In the following rendition, all needless matters have been excised, and all excerpts chosen are unerringly and exactly contemporary. So able was the Court Reporter’s work that, in truth, very little was left to the scribe’s editorial discretion but mere clippery, with a few modest extra touches. Indeed, the task could have been delegated to an electronic golem but for the regrettable necessity of forestalling that certain kind of liability associated with counseling readers to engage in nonstandard culinary practices.

Google’s closing argument went… a little something… like this…

Google’s lead attorney, Glenn Pomerantz (henceforth “Google”): Judges shouldn’t be central planners!

Judge James Donato: I totally agree.

Google: Judges shouldn’t micromanage markets!

Judge: I totally agree.

Google: If you order Google to list other app stores on Play, with some interoperability features, you’re a scary unAmerican Soviet central planner.

Judge: Nope.

Google: Yes, you are!

Judge: Not a Communist. Not even a little bit.

Google: Yes, you are!

Judge: Am decidedly not.

Google: Are decidedly too!

Judge: Anything else you’d like to add?

Google: This order would make you a micromanager of markets.

Judge: I’m not telling anyone which APIs to use. There will be a technical monitor.

Google: Then the technical monitor is an unAmerican micromanager!

Judge: Is not.

Google: Is too!

Judge: Let’s move on.

Google: Yes, my next slide says we must march through the case law. The case law says… drumroll! …that central planning is bad.

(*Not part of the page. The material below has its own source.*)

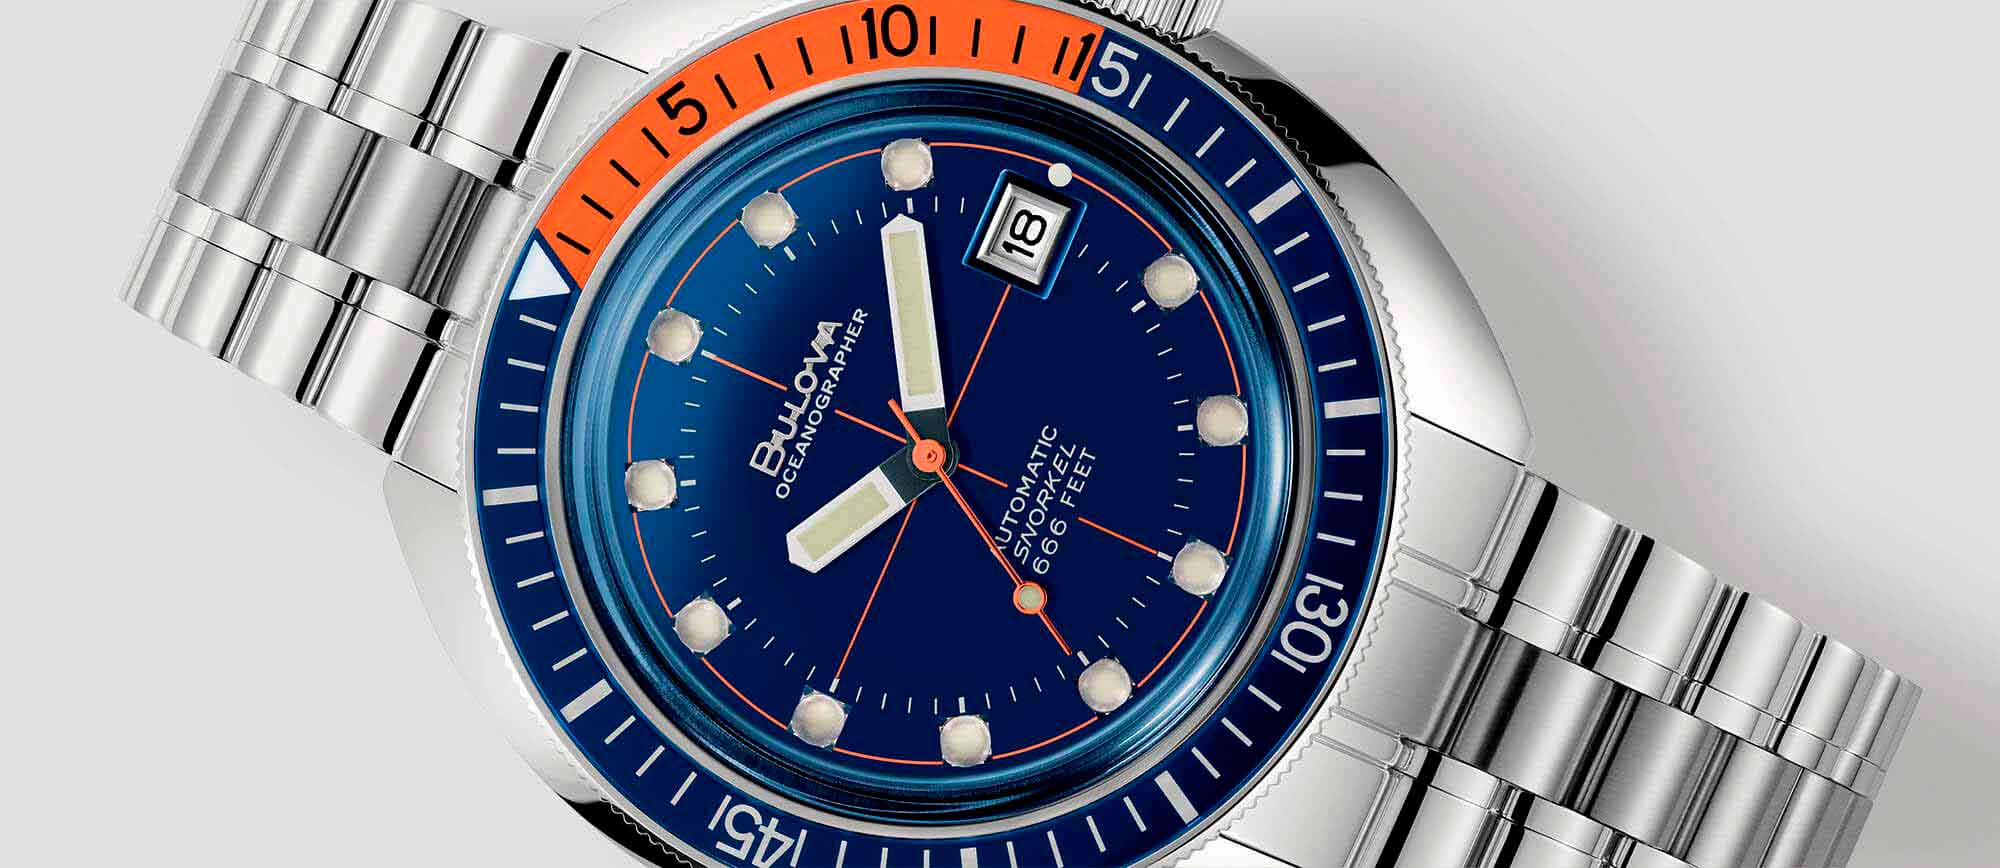 Reloj metálico de esfera azul con detalles en naranja de la colección Oceanographer "Devil Diver" de relojes Bulova, un homenaje al buceo de profundidad. Relojes resistentes al agua.

Judge: I totally agree! That’s why I’m not doing it.

Google: Yes, you are.

Judge: No, I’m not. My order will be three pages long. Focused on general principles.

Google: But you’ll have to rule on disputes the technical monitor can’t resolve—super detailed technical things, possibly beyond human understanding.

Judge: Still not a Communist.

Google: Well, let’s not forget the *life-changing magic* of Google’s *amazing* origin story. Google was pretty much the maverick heroic Prometheus of the Information Superway.

Judge: I totally agree!

Google: You do?

Judge: Yes. Google had superior innovation. Success is not illegal. What’s illegal is then building a moat through anticompetitive practices.

Google: You want to impose these mean remedies because you hate Google.

Judge: Not at all. And this isn’t about me; I’m charged with the duty to impose a remedy based on a jury verdict. I have to follow through on the jury’s conclusion that Google illegally maintained a monopoly over app stores.

Google: That’s central planning!

Judge: Still not a Communist.

Google: I never said you were a Communist.

Judge: Is “central planning” just your verbal tic then? Like um or uh?

Google: Maybe. I’ll have it checked out.

Judge: Nondiscrimination principles and a ban on anticompetitive contract terms are time-tested, all-American, non-Communist remedies.

Google: You know how some people are super-bummed they were born after all the great bands?

Judge: What, are you saying you miss Jimi Hendrix?

Google: That’s more Apple’s thing. What I think about, late at night, is how tragic it is that Joseph McCarthy died so young.

Judge: Huh, Wikipedia says 48. That *is* kind of young.

Google: Thank you for taking judicial notice of that. By the way, have you ever read Jorge Luis Borges?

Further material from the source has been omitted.